Stress in der Schwangerschaft lässt Töchter zu schnell reifen
Dass Schwangere keinen Stress gebrauchen können, ist klar. Aber welche Folgen dieser auf Mädchen später haben kann, wurde in einer neuen Studie untersucht.
Stress in der Schwangerschaft kann dazu führen, dass Mädchen früher als üblich in die Pubertät kommen. Dies ist das Ergebnis einer bahnbrechenden Studie von Wissenschaftlern der University of California – Los Angeles (UCLA).
Die Forscher fanden heraus, dass diese Korrelation nur bei erstgeborenen Mädchen besteht und nicht bei Jungen oder später geborenen Töchtern. Diese 15-jährige Längsschnittstudie wurde im Februar 2024 im Fachjournal «Psychoneuroendocrinology» veröffentlicht.
Die Studie stellt den ersten Beweis für eine Verbindung zwischen vorgeburtlichem Stress und frühzeitiger Nebennierenpubertät dar. Letztere äussert sich durch Symptome wie Körperbehaarungswachstum, Aknebildung und kognitive Reifungsprozesse.
Mysteriös: Nur Erstgeborene betroffen
Die Untersuchung liefert wertvolle Einblicke in das Phänomen des sogenannten «Älteste-Tochter-Syndroms». Es handelt sich dabei um ein soziokulturelles Phänomen, welches besagt, dass älteste Töchter oft bewusst oder unbewusst familiäre Pflichten übernehmen.
Dazu gehören Kinderbetreuung und andere häusliche Arbeiten zur Unterstützung traditioneller elterlicher oder erwachsener Verantwortlichkeiten. Die Forscher rekrutierten Studienteilnehmerinnen aus zwei Geburtskliniken in Südkalifornien während routinemässiger Schwangerschaftsuntersuchungen im ersten Trimester.
Die Frauen waren durchschnittlich 30 Jahre alt, alle mindestens 18 und erwarteten jeweils ein Kind, wobei etwa die Hälfte von ihnen zum ersten Mal schwanger war. Alle sprachen Englisch, 45 Prozent waren weiss bzw. nicht lateinamerikanischer Abstammung und 30 Prozent waren Latinas.
Stress bei Müttern: Ein unsichtbarer Feind
Der Stresslevel der Frauen wurde zu verschiedenen Zeitpunkten während der Schwangerschaft gemessen, um einen Gesamtindex für vorgeburtlichen psychischen Stress zu erstellen. Zudem wurden die Mütter zwei bis drei Monate nach der Geburt befragt, um eine postnatale Belastungskennzahl festzulegen.

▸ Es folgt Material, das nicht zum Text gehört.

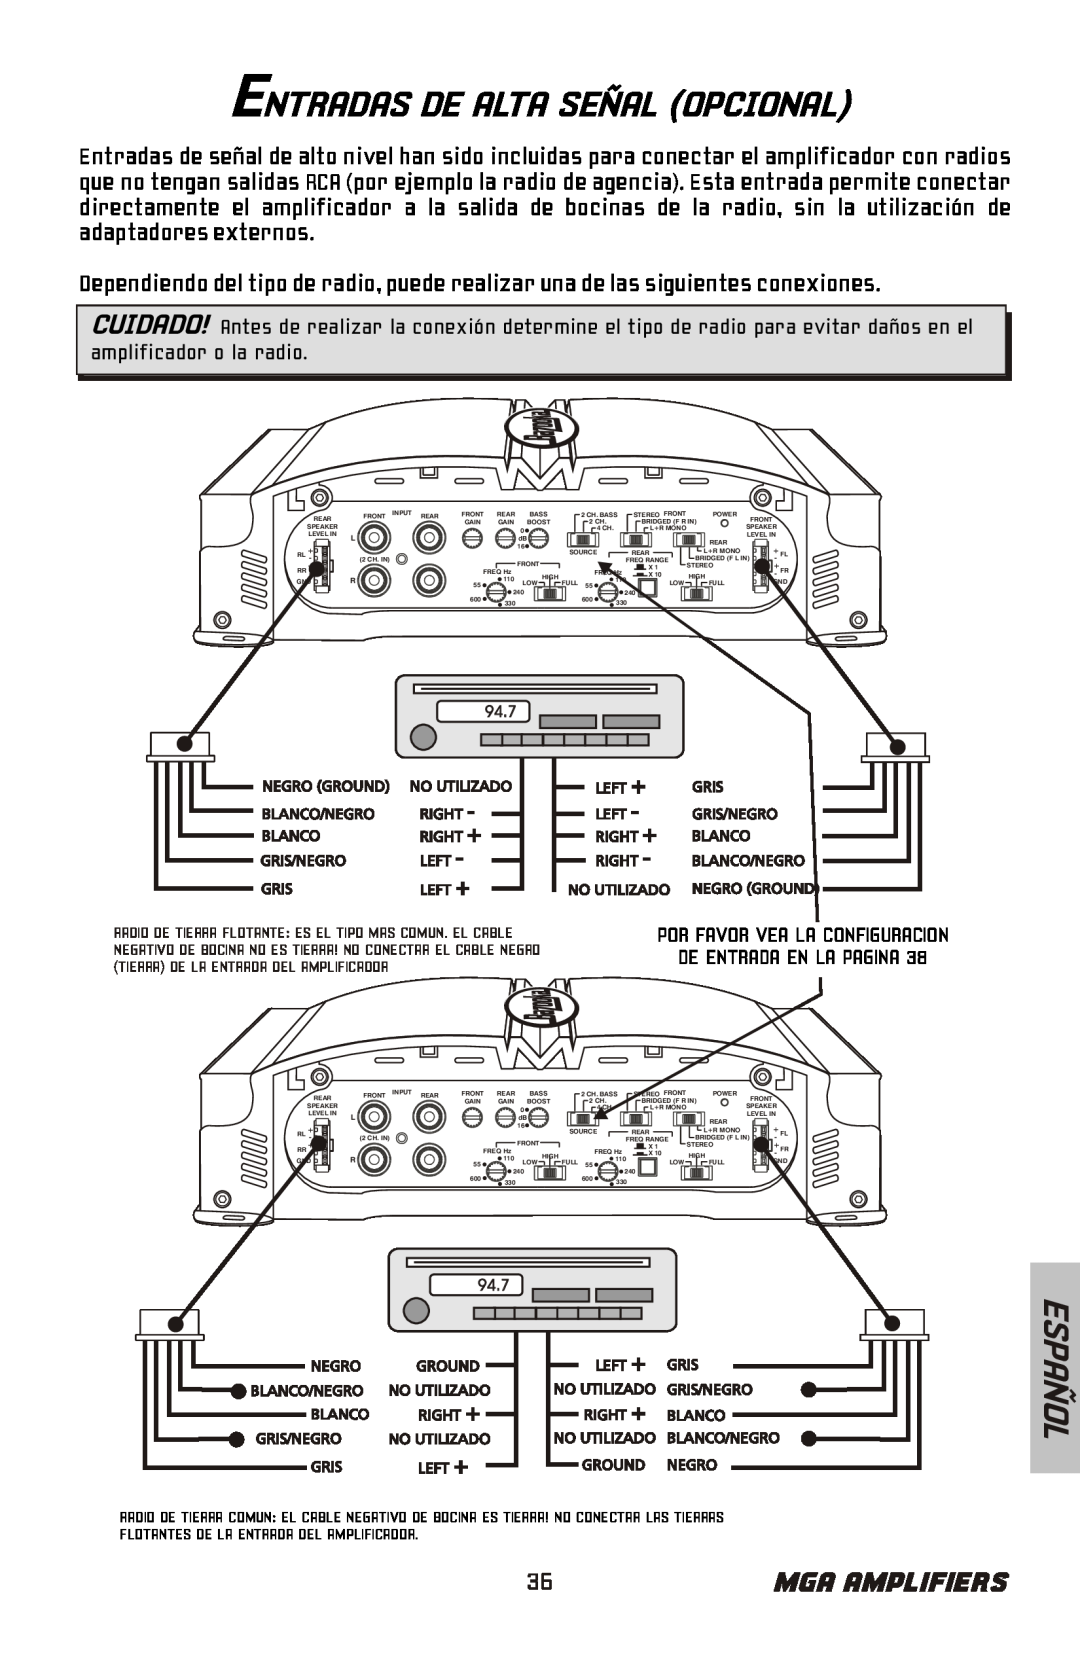 Bazooka MGA4150 manual Entradas De Alta Señal Opcional, Español, Mga Amplifiers, amplificador o la radio 
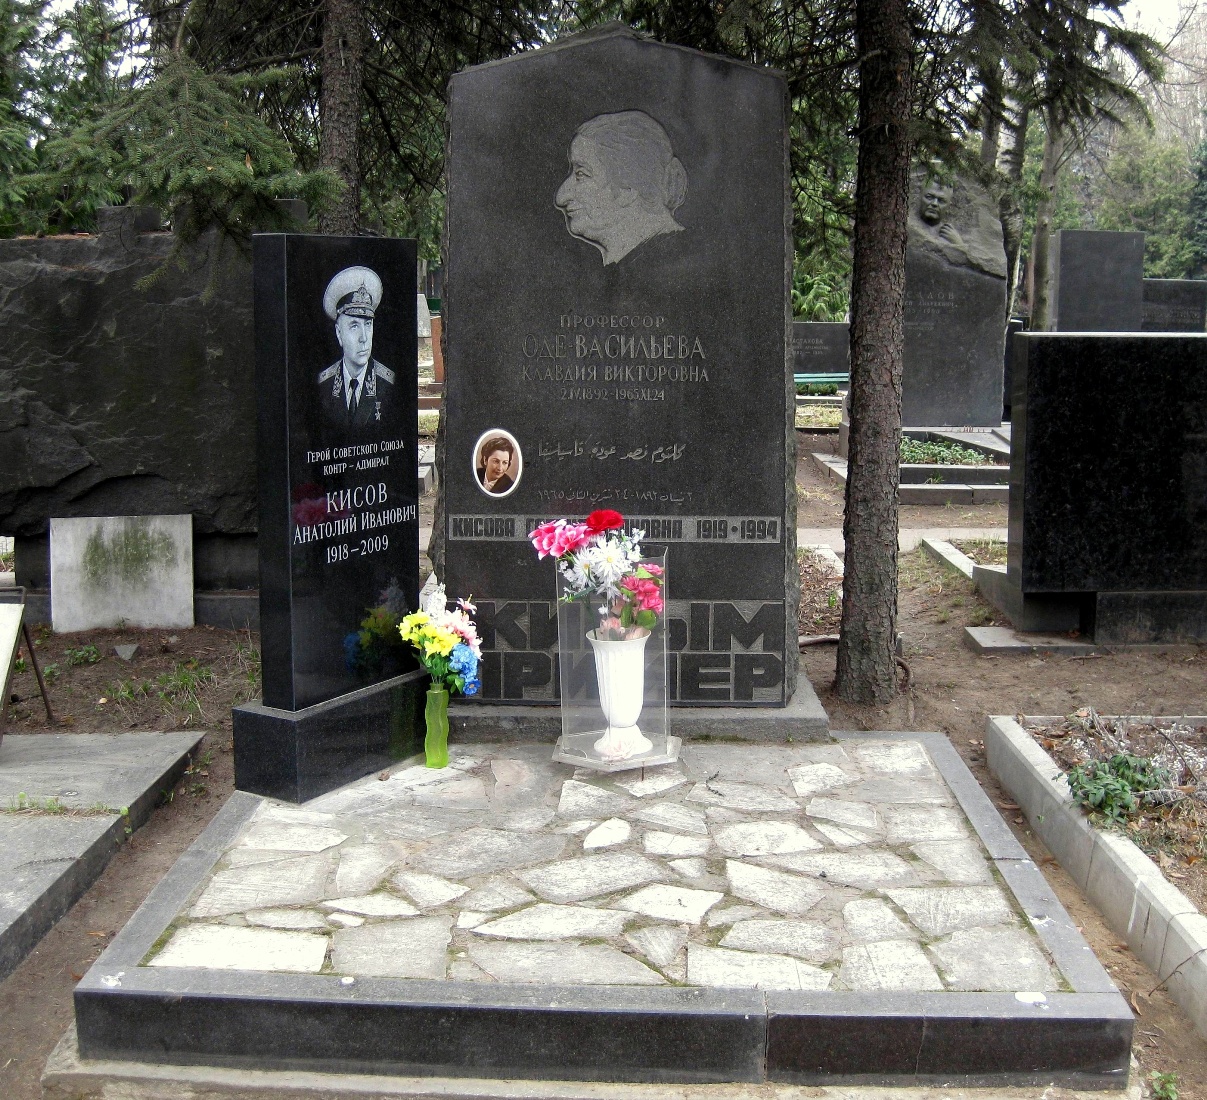 Памятник на могиле Оде-Васильевой К.В. (1892-1965) и Кисова А.И. (1918-2009), на Новодевичьем кладбище (6-29-4).

Mit acht bis zehn Jahren wurden dann die Biomarker für Nebennieren- und Geschlechtspubertät bei den Kindern gemessen. Dazu gehörten Körperbehaarung, Hautveränderungen sowie Wachstumsschübe oder Brustentwicklung (bei Mädchen) bzw. Stimmwechsel und Bartwuchs (bei Jungen).
Schnellreife Töchter: Evolutionärer Vorteil?
Die leitende Anthropologin Molly Fox deutet an, dass diese frühzeitige Reifung von Erstgeborenen womöglich evolutionär bedingt ist: Diese können ihre Mutter dabei unterstützen, jüngere Geschwister grosszuziehen, während sie selbst noch nicht in der Lage sind, eigene Kinder zu haben.
Diese Studie erweitert unser Verständnis dessen, wie vorgeburtlicher Stress und andere Faktoren die Entwicklung von Kindern beeinflussen können. Es ist ein weiterer Schritt auf dem Weg zu besseren Gesundheitsversorgungs- und Politiklösungen für schwangere Frauen und ihre Nachkommen.